Abercrombie's Pin Oak Stud continues dispersal

As the season moves into the fall and the leaves on the oak trees change colors to mark the passing of time, so, too, will there be a season of change in the Thoroughbred world. Josephine Abercrombie’s Pin Oak Stud announced in early August that it would take its most serious steps yet to end its commercial operations, dispersing the bulk of its stock.
Pin Oak’s remaining active broodmares, their 2021 weanlings, and some racing fillies will be offered in a special auction at Fasig-Tipton’s Newtown Paddocks headquarters in Lexington, Ky., the evening of Sunday, Sept. 12. The following day, the Keeneland September yearling sale begins, where the bulk of Pin Oak’s yearling crop will be offered, a process that began in Saratoga in August. Consignor Denali Stud is acting as the agent for Pin Oak in these proceedings.
Pin Oak has been downsizing its stock over the past several years as part of its strategic exit from commercial operations, with farm manager Clifford Barry noting that Abercrombie, 95, has sold more yearlings than she has kept to race recently. More than a dozen retired mares and runners will remain as pensioners on the Versailles, Ky., farm, which stood two homebred stallions in 2021 – graded stakes winners Broken Vow, 24, and Alternation, 13.
Abercrombie, a lifelong horsewoman, competed in Saddlebred shows in her youth. In 1949, she made her first foray into Thoroughbred racing when she purchased a group of yearlings with a partnership that included her father, J.S. Abercrombie. Three years later, she and her father acquired 1,348 acres in Kentucky and named it Pin Oak. The original Pin Oak raised cattle and grew tobacco and other crops, in addition to raising Thoroughbreds. Abercrombie furthered the success of the latter operation, and in the 1980s designed and developed an additional 750 acres, a former hunting preserve, into a Thoroughbred nursery.
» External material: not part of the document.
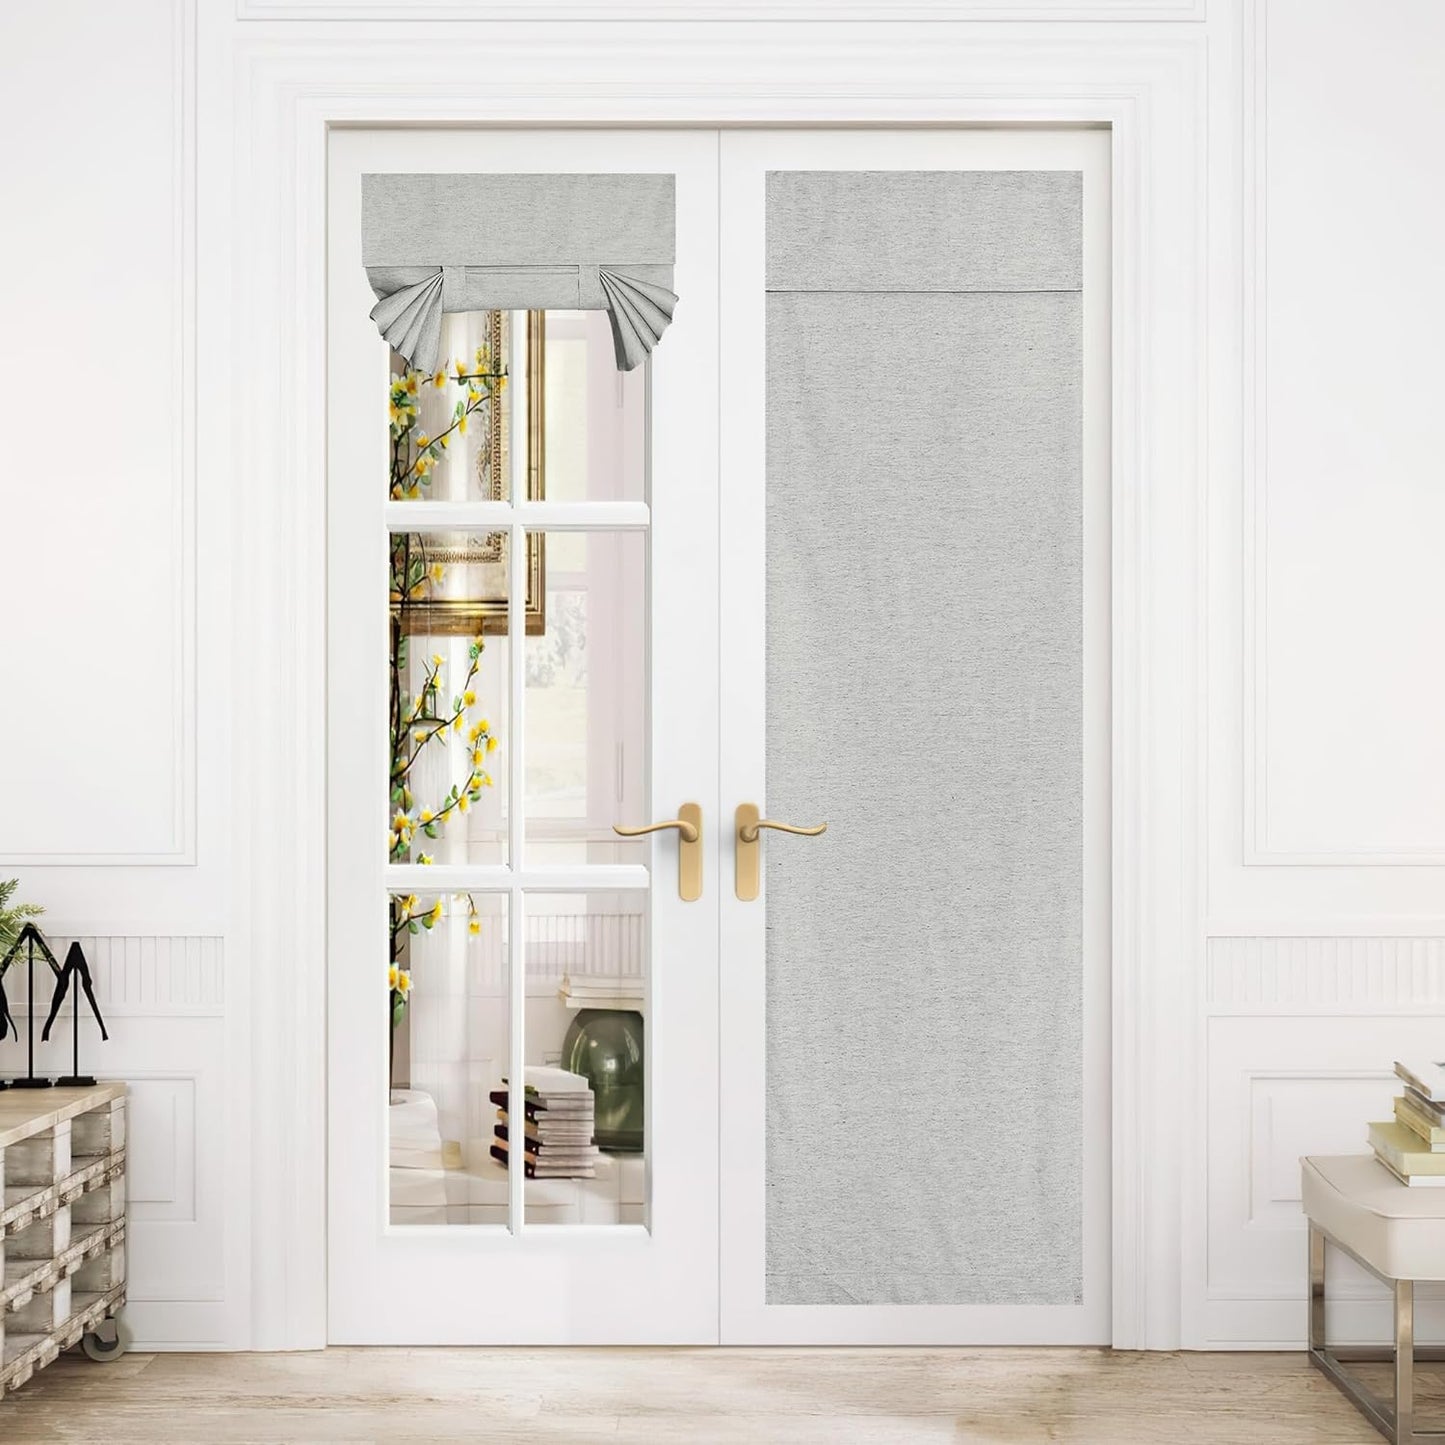 NICETOWN Linen Door Curtain for Door Window, Farmhouse French Door Curtain Shade for Kitchen Bathroom Energy Saving 100% Blackout Tie up Shade for Patio Sliding Glass, 1 Panel, Natural, 26" W X 72" L  NICETOWN Light Grey W26 X L80

Pin Oak was named the National Thoroughbred Breeder of the Year in 1995 by the Thoroughbred Owners and Breeders Association. The farm has produced or raced more than 100 stakes winners, with its prominent homebreds including Canadian Horse of the Year Peaks and Valleys, Eclipse Award champion Laugh and Be Merry, and Grade 1 winners Confessional, Missed the Storm, and See How She Runs.
Abercrombie has been honored with the William T. Young Humanitarian Award and the Hardboot Award, both presented by the KTA/KTOB, for her beneficial work within the industry. In 2018, she received another of the industry’s most prestigious awards when she was named the Thoroughbred Club of America Honor Guest.
“She’s a fascinating lady,” Keeneland vice president of sales Tony Lacy said. “She’s been a solid supporter of Keeneland racing and sales for a number of decades. Pin Oak has developed a really beautiful farm, great bloodlines. I’m lucky enough to be on the board of the Thoroughbred Club, and it was great to have her there, honored the way she should be.
“She’s done so many things philanthrophically – she started the Lexington School. She’s done so many good things – I think she was a boxing promoter at one point. . . . We need more people like her in the game. It’s always an honor to have horses from Pin Oak, and it’s a pleasure to have them again this year.”
The Pin Oak broodmares on offer at Fasig-Tipton include Gold Medal Dancer, currently in foal to Munnings. The mare’s multiple stakes scores were highlighted by a win in the Grade 2 Azeri Stakes at Oaklawn over champion Untapable. Gold Medal Dancer’s unraced 2-year-old daughter Dance Routine, by leading sire Into Mischief, will be offered with her, as well as her Candy Ride weanling colt.
Also being offered are Grade 2 winner Overheard, in foal to McKinzie, and her weanling filly by Triple Crown winner Justify; and Grade 3 winner Don’t Leave Me, in foal to Kentucky Derby winner and champion Authentic from his first season, as well as her weanling Medaglia d’Oro filly.
“The names Josephine Abercrombie and Pin Oak Stud are synonymous with excellence and quality,” Fasig-Tipton president Boyd Browning Jr. said. “Ms. Abercrombie is a pillar of the Thoroughbred industry and our local community. Her legacy will carry forward through the lives of the many people she impacted and these Thoroughbred families she cultivated and developed.”
The Pin Oak yearlings on offer at Keeneland September include a Mastery colt out of stakes winner Another World, from the family of Eclipse champion Pleasant Home; and a Cairo Prince colt from the family of Confessional.